DS: A simple approach is to rank the girls in order of each attribute and then combine the individual ranks into a composite rank using the known methods of combining ranks. The top composite ranked girl is your first choice.
DS: Unfortunately a ranking based approach is conceptually flawed. Economics Nobel Laureate Dr. Kenneth Arrow proved the Arrow’s Impossibility Theorem, a pioneering theorem of social choice theory, which states that no rank-order voting system satisfies all fairness criterions. Moreover for critical social decisions psychology could prevail over statistics. The ideal methodology should be able to quantify the physiological aspect of human behaviour.
DS: Ideally you would want all the desired attributes of a dream spouse in one person. But in reality, the desired attributes will be distributed across different girls. So you have to give up on one attribute to gain on another. Thus the attributes are competing against each other so you have to make competitive choices.
DS: Assume that you have a total of twenty points to allocate across the attributes. How much are you willing to give up on the beauty to gain on the educational qualification of your spouse? If you allocate 15 points to beauty, you have only 5 points to allocate to education. When faced with scarce resources (points) you will be much more judicious in spending. Hence competitive choices are a better quantification of your actual psychological preference.
P: And how do we quantify competitive choices?

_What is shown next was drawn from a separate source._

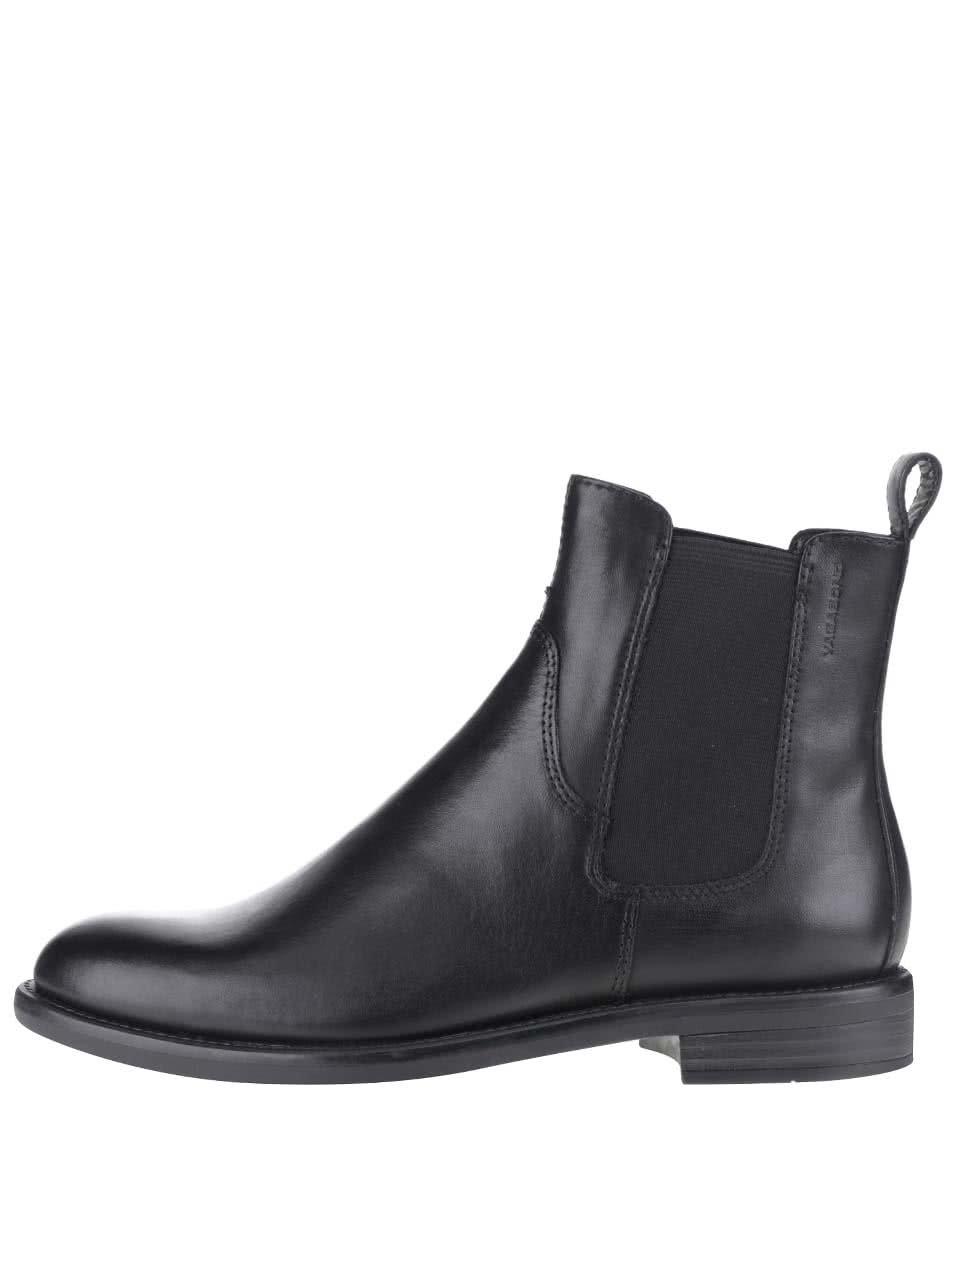 Černé dámské kožené chelsea boty Vagabond Amina ... d39c439142

DS: By using conjoint analysis. It is based on mathematical psychology and is widely used in psychophysics, perception, decision-making and the quantitative analysis of behaviour. I will create a social compatibility algorithm and use your data to see what your actual psychological preferences; then we will find your most suitable match.
P: Really? You can build such a algorithm?
(Two days later)
DS: The social compatibility algorithm is ready; and based on your competitive choices, it suggests that your most suitable match is the second girl. Hmmm … she is a teacher but you didn’t tell me what she teaches?
P: Well, she teaches statistics in a college.
DS: Statistics! I knew the algorithm was right.
Claimer: Based on a true incident. Both the protagonist and the data scientist work in the analytics industry. The protagonist and the lady statistician are now seeing each other.